My answer is from the point of view of an UK academic statistician. In particular, as an academic that gets judged on advances in statistical methodology.
What would make me (or any other
scientist) a better collaborator?
To be blunt - money. My time isn't free and I (as an academic) don't get employed to carry out standard statistical analysis. Even being first/last author on a paper that uses standard methodology is worth very little to me (in terms promotion and my personal research). Paying for my time will buy me out of administrative or teaching duties. Payment could be through a joint grant.
In the UK, every five or so years academics have to submit their four best papers. My papers are judged on their contribution to the statistical literature. It sucks, but that's the way it is.
Now it may well be that you have a very interesting problem which would lead to advances in statistical techniques. However, just think about the size of your statistics department compared to the rest of the Uni. There probably won't be enough statisticians to go around.

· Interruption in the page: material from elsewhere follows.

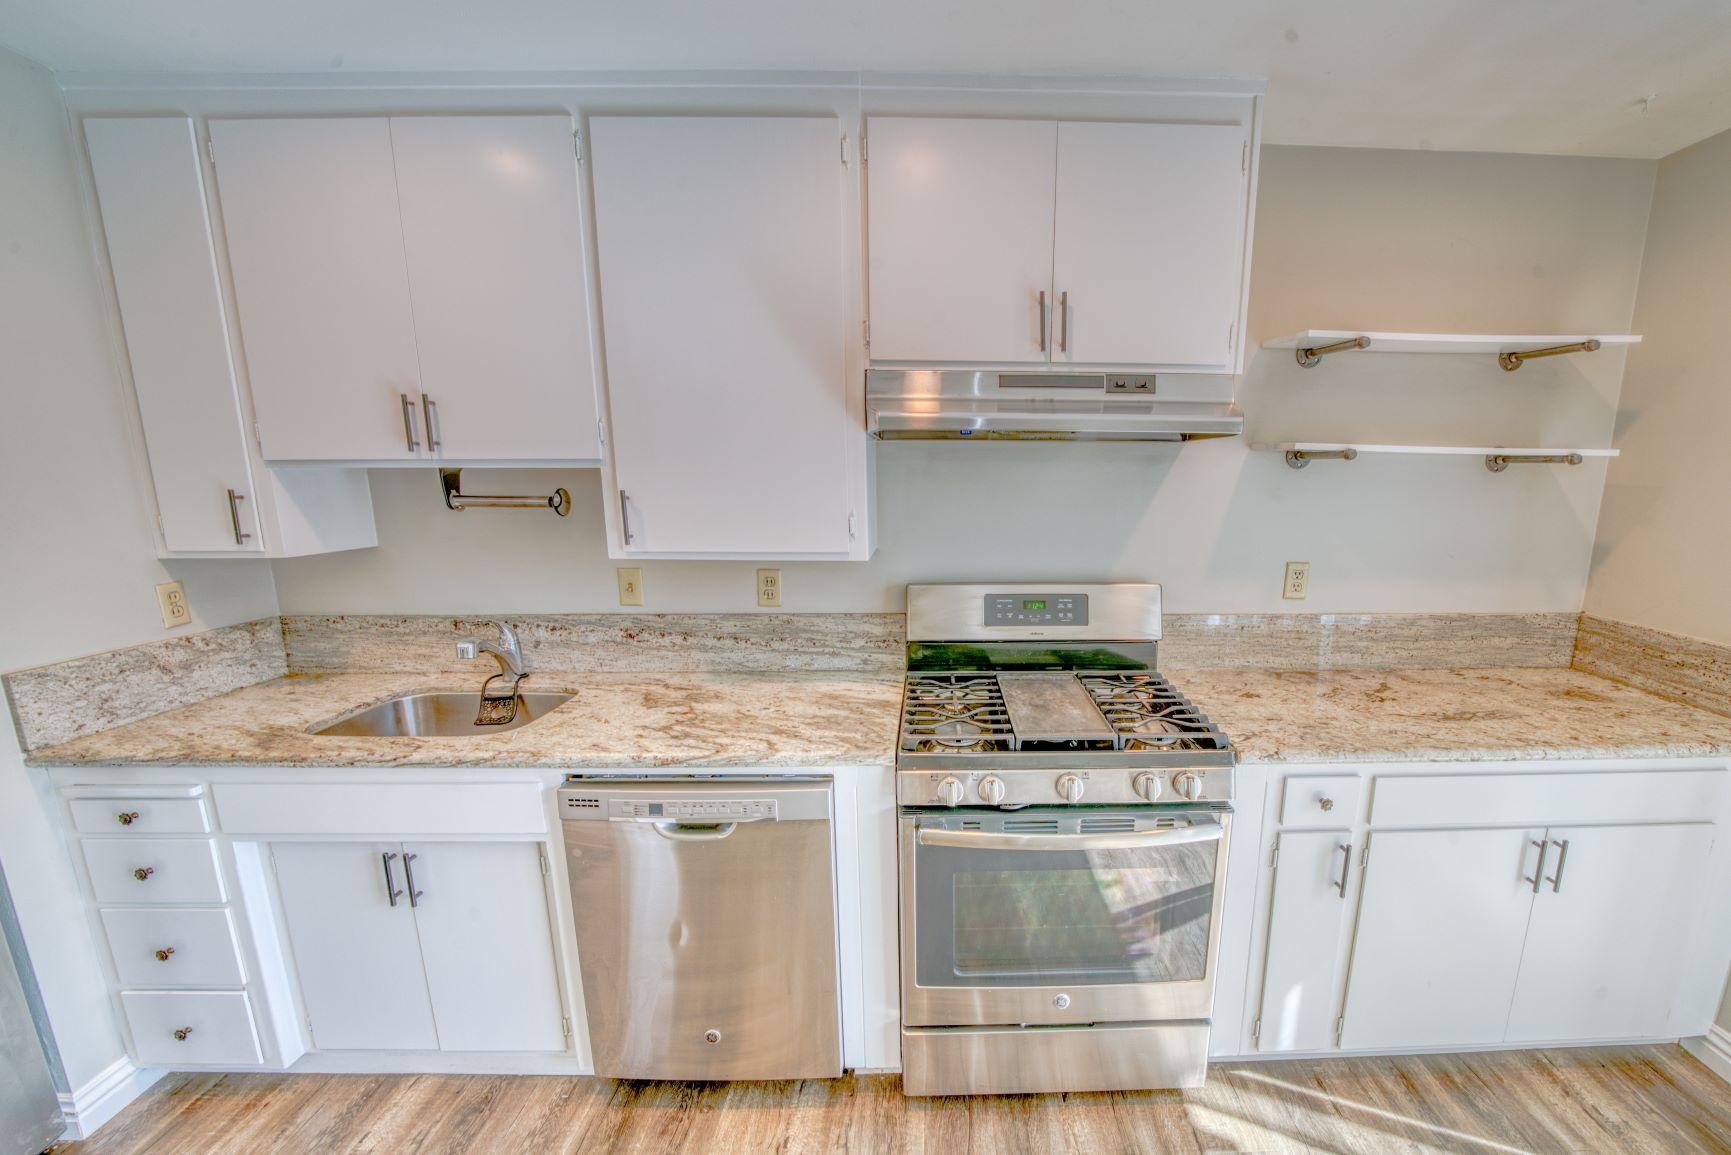 South Hills Manor Condominium Kitchen

In saying that, I do try and do some "statistical consultancy" once a year to broaden my interests and to help for teaching purposes. This year I did some survival analysis. However, I've never advertised this fact and I still get half dozen requests each year for help!
Sorry for being so negative :(
Specifically, what is one statistics
concept you wish all of your scientist
collaborators already understood?
That statisticians do statistical research. As one of my collaborators said:
Surely there's nothing left to solve in statistics?